Kiedy Cameron Johnson wrócił na Brooklyn z wakacji, musiał twardo stąpać po ziemi. Dosłownie.
Kiedy we wrześniu nowy trener Jordi Fernandez witał swoich zawodników, miał jasny komunikat: graj mocno albo nie graj wcale. Gdy drużyna Brooklyn Nets szukała swojej tożsamości, podczas gdy recepcja szukała kolejnego centralnego elementu franczyzy, pierwszy trener wiedział, że jego zespołowi przede wszystkim zależy na wysiłku i łączności. Dlatego jego sztab wdrożył rygorystyczny program kondycyjny jeszcze przed rozpoczęciem obozu przygotowawczego, upewniając się, że jego zawodnicy będą gotowi.
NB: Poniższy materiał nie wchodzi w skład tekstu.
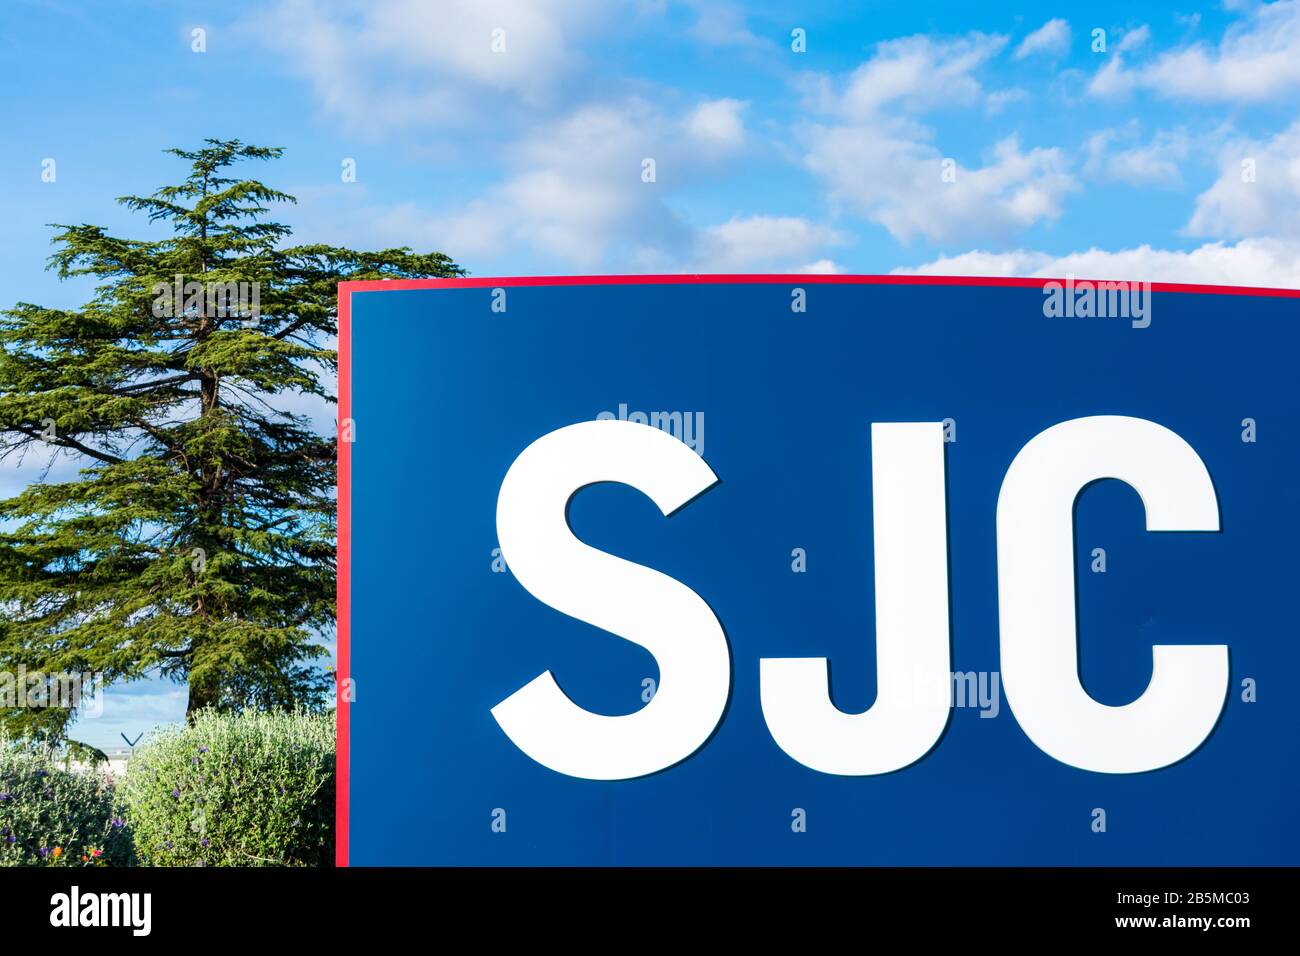 SJC sign advertises Norman Y. Mineta San Jose International Airport, a city-owned public airport, near the entrance to the airport facilities - San Jo Stock Photo

„Oczywiście na początku niewygodnie jest grać na pełnym korcie, rozbijać bandy i grać na tak wysokim, wysokim poziomie, o który nas codziennie proszą. Ale sztab trenerski nas na to przygotował” – powiedział niedawno Johnson. „Ponieważ wszyscy mają podstawowe przygotowanie, (Fernandez) może szczerze tego od nas oczekiwać”.
Zanim oficjalnie rozpoczął się obóz, drużyna Fernandeza miała już przewagę. Koncepcje obronne klikały łatwiej. W drużynie Nets pojawiła się inna iskra.
Zawsze jest kilka drużyn, które mają solidny start, a następnie wypadają w połowie sezonu. Nets (5-7) nie mają nawet 0,500ale to samo można powiedzieć o większości drużyn Konferencji Wschodniej. Dotarcie do turnieju wstępnego byłoby imponującym wyczynem po tym, jak front office zawarł umowę z Houston w sprawie zwrotu najlepszego wyboru Nets w nadchodzącym drafcie, co stanowi wyraźny sygnał, że franczyza chce wziąć udział w loterii Cooper Flagg.
Wielu analityków, a nawet Vegas, uznało ich za najgorszą drużynę w NBA. Jednak odnajdują się uplasował się na szóstym miejscu kilka tygodni po rozpoczęciu sezonu. Nets to jedna z najlepiej zorganizowanych drużyn w lidze, pomimo wątpliwości nawet najbardziej wyważonych krytyków.
„To nie ma znaczenia. To nie ma na nas wpływu. To po prostu ktoś, kto coś mówi” – powiedział Ben Simmons. „Więc jeśli nie są z nami na siłowni i nie dyktujemy, co się dzieje, jest to po prostu ktoś, kto coś mówi. Nie mogę tego znieść w żaden sposób. Włożyliśmy dużo pracy i mocno gramy. Tak się dzieje, gdy ciężko pracujesz, dobrze się bawisz i z dnia na dzień stajesz się lepszy. Stajesz się lepszy.
Zaczęło się od obrony, gdzie Nets grają na sznurku. Niewiele drużyn w lidze jest obecnie tak połączonych w defensywie.
Przystępując do czwartkowych meczów, obrona Nets zajmowała trzecie miejsce pod względem punktów na strzał dopuszczonych w rywalizowanych trójkach, według Synergy Sports. Zajmują także szóste miejsce pod względem liczby punktów na posiadanie dozwolonej na dyskach. Nets mają talent do jak najwcześniejszego dotarcia pod strzelca, aby wytrącić rytm gry i skutecznie walczyć, nie pozwalając na łatwe podania.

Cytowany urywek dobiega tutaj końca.